Silverstone hosted most of the Formula 1 World Championship race from the 1950 on. Other circuits include Aintree and Brands Hatch. However, Silverstone has always been considered the spiritual home of Formula 1.

The UK government has not intervened in 2003 and 2009 when the circuit faced similar problems. It is highly unlikely them will do so this time.

Meanwhile F1 supremo Bernie Ecclestone has reported to have said: “I don’t see why they [Silverstone] can’t make it work. They get bigger crowds than anywhere else in Europe, and nobody else is complaining.”

Most current teams, including champions Mercedes, are UK based. Force India’s HQ can actually see Silverstone tarmac. The only exceptions are Ferrari, Torro Rosso (Italian based) and Sauber (Swiss based).

Will UK teams go without a home race?

Just to give you a feel of UK alternatives, let’s make a round of possible replacement circuits.

Donington Park

On the 4 of July 2008, Donington Park actually announced they had been awarded the contract to host the British Grand Prix for 10 years from 2010. However, Donington failed to secure the necessary  funding (£135 million development costs. Investments nearly killed off the track completely) to host the race, and its contract was terminated in November 2009.


The failed F1 redesign of 2010

Donington Park’s board has been quick to refute any notion of stepping in to replace Silverstone as the host of the F1 British Grand Prix.

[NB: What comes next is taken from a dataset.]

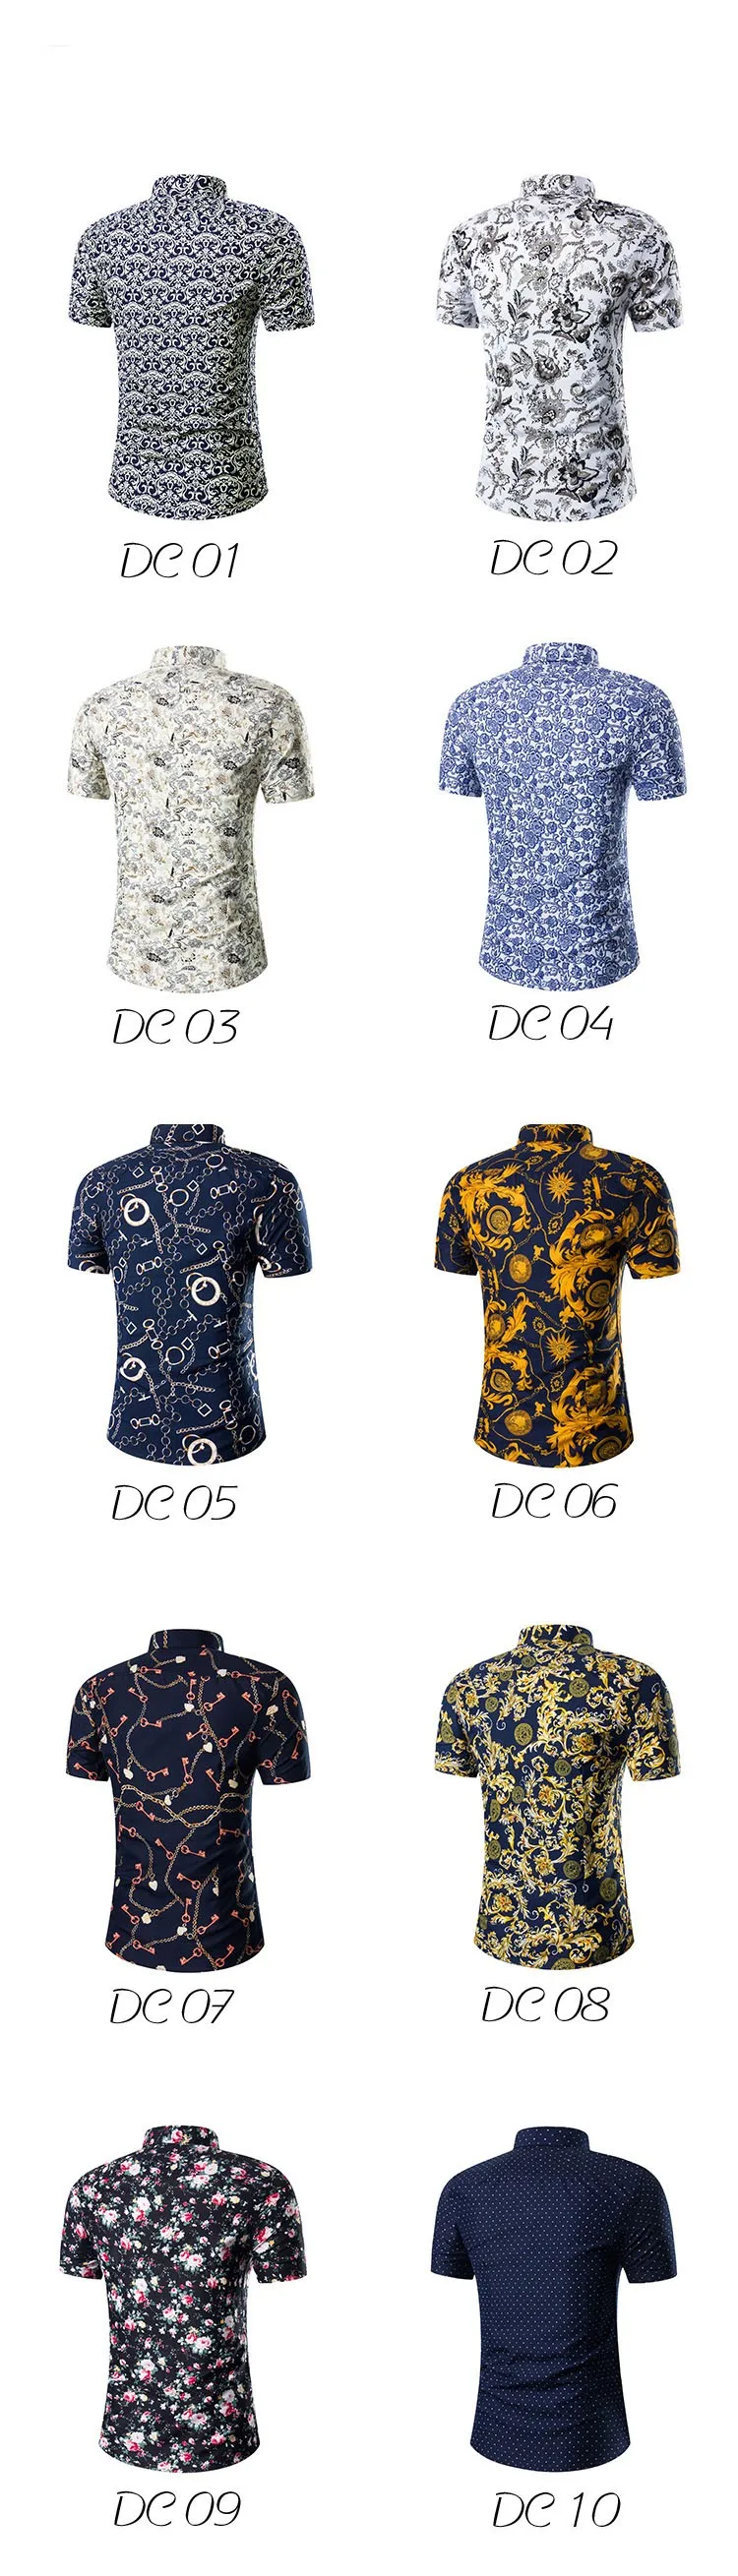 2019 модные Для мужчин s короткий рукав гавайская рубашка летние Повседневное футболка с цветочным принтом для Для мужчин Азиатский Размеры

“The board has consistently made it clear that we have no intention of bidding for the British Grand Prix,” a Donington Park spokesperson said to The Guardian.

Brands Hatch

Brands Hatch organised the 1986 Grand Prix, and it’s lap record (albeit in GP form) still stands at 1:09.593 and was set by Nigel Mansell in his Williams-Honda at this event. Attempts to host subsequent races have been made, but races never materialised.

Proposed F1 redesign of 1999 - Pilgrim straight now the start / finish with paddock

Proposed F1 redesign of 1999 – Pilgrim straight now the start / finish with paddock

A major problem for the circuit are the noise restrictions which have been put in place to appease nearby residents. These restrictions include:

  • No racing before 10am on Sundays (no engines can be started before 9.15am)
  • A single international motorcycle event each year.
  • Limitation to six days of noisy cars, each year.

In addition the circuit would need substantial work to meet the latest F1 safety regulations, and would probably need track changes to increase chances of overtaking (currently the Druids hairpin is the only spot where overtaking is realistically possible).

Proposed 1992 F1 redesign - avoiding residential areas for noise restrictions

Proposed 1992 F1 redesign – avoiding residential areas for noise restrictions

Also the pits area would need to be redesigned as the paddock is too small.

And even then the problem of accessibility would need to be resolved.  Currently a British Touring Car event with 40,000 fans cause major traffic problems. (Imagine 130.000+ F1 fans!).

Rockingham Motor Speedway

Would F1 accept an oval? Many F1 fans would consider it too “American”. Rockingham offers some of the best viewing for fans thanks to nearly all of the circuit being visible from the stands and the concrete wall would leave zero to none margin for error.   (Yes, ovals do have some small perks!).

The infield does have a road course that incorporates part of the banking – used almost exclusively by all racing events of recent times. This course is just over 2 miles but could easily be extended to an Interlagos / Indy GP course length of 2.5 miles with a redesign. A potential British Indianapolis perhaps?

The current 2.1 mile road course

The current 2.1 mile road course

Rockingham has only been used by F1 teams for filming so far, but F1 race director Charlie Whiting has been reported to have said it would take little to bring it up to standard.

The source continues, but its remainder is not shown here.